It had been nine years since the fair had left the Mazandaran province behind and I had swiftly entered into my nineteenth year.

From time to time the nameless boy would pass through my dreams or unconscious thoughts, haunting me with his memory. Guilt would rest upon my conscience for hours after he came to mind. I would think of him still locked behind those bars, being whipped and goodness knows what else, and I would find myself taking the blame for it. In many ways it was the loss of his freedom that pushed me to working for the Shah, amongst other things.

At seventeen, I was working for the police, doing what I could to ensure the safety of the people residing in the area. At nineteen, I had proven myself enough to move up through the ranks and became a commanding officer. By the time I was twenty, I was a part of the royal guard which allowed me to work more closely with the Shah and the rest of the royal family.
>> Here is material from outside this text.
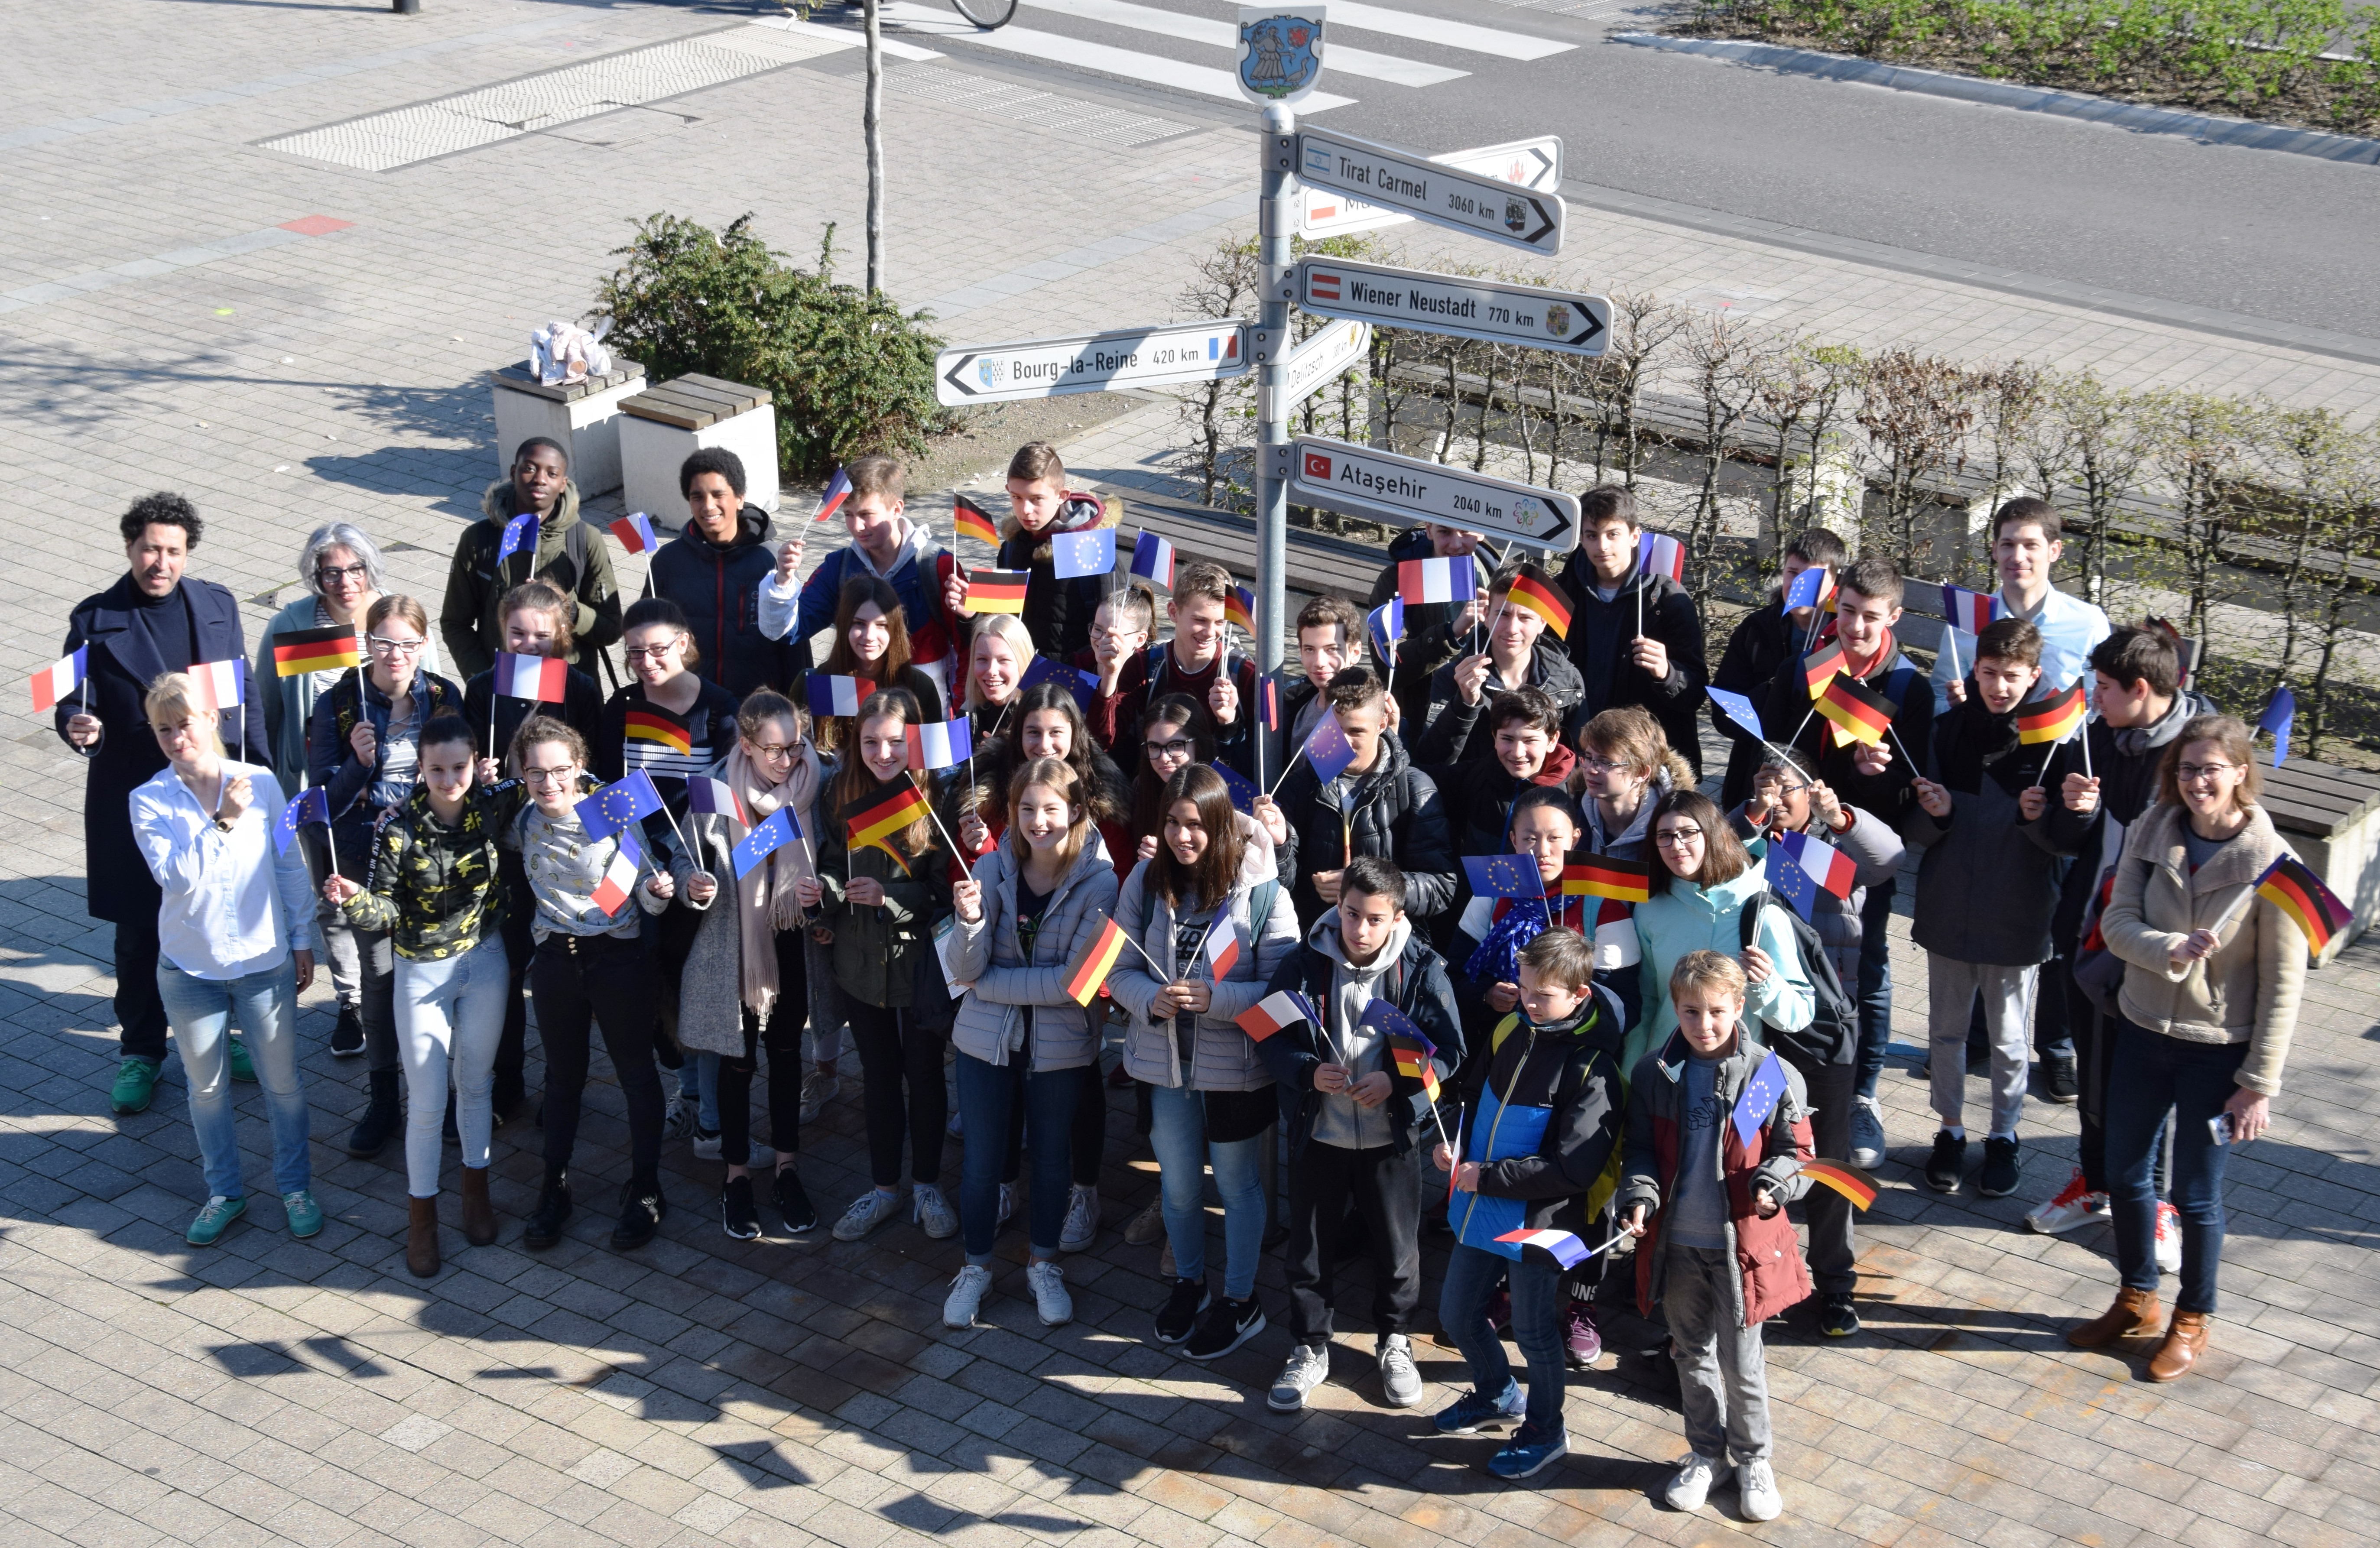 Schülerinnen und Schüler aus Bourg-la-Reine in Monheim am Rhein

I worked unlike any other officer there, and adored the job I had. It didn't take me long to earn different positions within the guard, and quite soon I became one of the Shah's most trusted. Being close to the Shah was a dangerous business, anyone knew that, but I knew that I had nothing to fear.

It still brings a warm smile to my lips to this day when I think of my mother's reaction to hearing this piece of news. She had stared at me when I first walked through her doors and told her. She had then hit my arm, not harshly, and told me that I was lying. I remember laughing and shaking my head and watching her expression change from disbelief to astonishment to pride in a matter of seconds before she enveloped me into a tight hug, laughing. It's one of the reasons I like the job, I love to see my mother smile like that, and unlike her other children who now live far away, Earl being a Doctor and Octavia often spending time with her lover, I am perhaps the only one of her children she sees regularly. To make my mother proud and potentially save the lives of others, or at the very least improve them, is something I adore doing.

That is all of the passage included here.